Когда мы достигли вершины, все снова поменялось; влажная тропическая жара отступила, и могучие сплетения лиан и скал остались позади. Вместо бесконечной сверкающей панорамы, которая простиралась от вершины сьерры до самого моря, открывается неровное, лишенное растительности плато, раскинувшее свои хребты и овраги под капризным небом. Идет моросящий бретонский дождь. И несмотря на то, что мы находимся на тысячеметровой высоте над уровнем моря, оно все еще близко. Здесь начинается горная страна, где непрерывная цепь уступов образует первый и самый трудный перевал. Горы незаметно спускаются к северу и тянутся до бассейна Амазонки, в котором обрушиваются большими сдвигами в 3000 километров отсюда. Их спад будет прерван дважды линиями прибрежных отвесных скал: Серра Ботукату, приблизительно в 500 километрах от берега, и плато Мату-Гросу в 1500 километров. Позднее, лишь преодолев их, я обнаружу вокруг больших амазонских рек лес, похожий на тот, что цеплялся за прибрежный уступ. Самая большая часть Бразилии, заключенная между Атлантическим океаном, Амазонкой и Парагваем, имеет вид отлогой поверхности, приподнятой со стороны моря: трамплин, поросший густым кустарником и заключенный во влажное кольцо джунглей и болот.
Я вижу земли с незавершенным рельефом и разрушенные эрозией.
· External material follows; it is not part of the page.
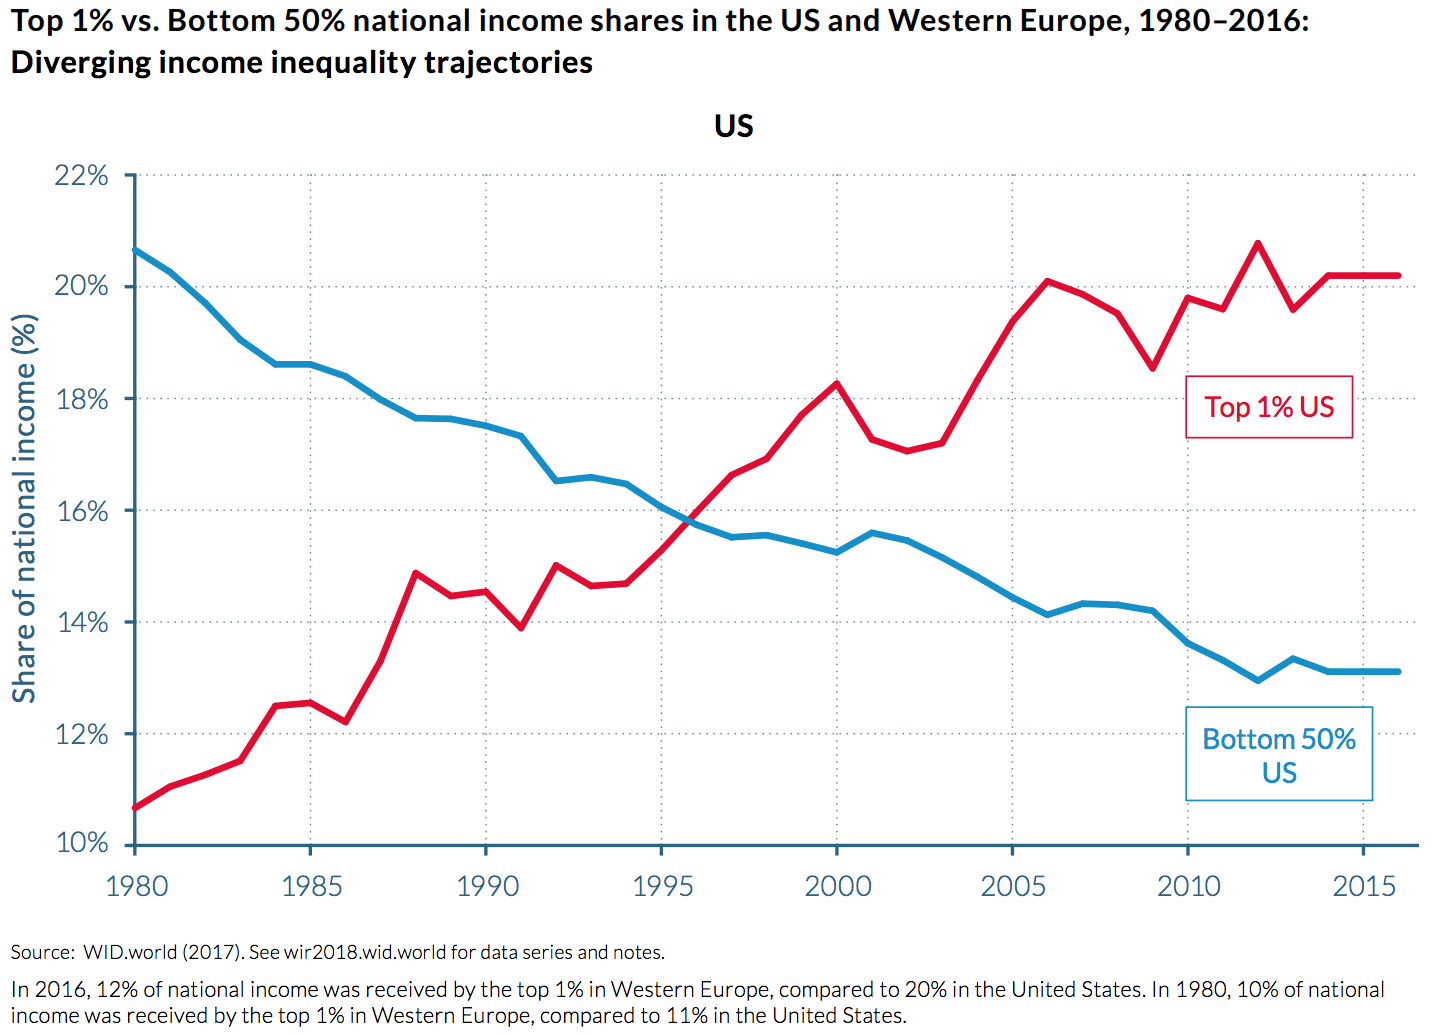 World - Inequality, WID 2017

В их неприглядном облике более всего повинен человек, который их корчевал и возделывал на протяжении нескольких лет, а когда кофейные деревья вытянули из почвы все соки и дожди размыли ее, плантации были перенесены дальше на еще нетронутую и плодородную землю. Между человеком и землей так и не возникло того взаимопонимания и заботливого отношения, которые в Старом Свете легли в основу тысячелетней близости, благодаря которой оба они поддерживали друг друга. Здесь почва была осквернена и разрушена. Разбойничье земледелие воспользовалось слишком доступным природным богатством и, растратив его, отправилось в другое место. Недаром область деятельности первооткрывателей трудно поддается определению за неимением четких границ. Они опустошают почву с той же скоростью, с какой распахивают ее, и поэтому обречены на то, чтобы вечно существовать на зыбкой границе, захватывая девственные земли и оставляя их после себя истощенными. Как стремительный лесной пожар, пожирающий все на своем пути, земледельческая лихорадка за сто лет выжгла штат Сан-Паулу. Вспыхнувшая в середине XIX века по инициативе минейрос, покинувших свои выработанные рудные жилы, она переместилась с востока на запад, и я собирался вскоре нагнать ее с другой стороны реки Параны, преодолев беспорядочную груду поваленных стволов и уничтоженных с корнем целых растительных семейств.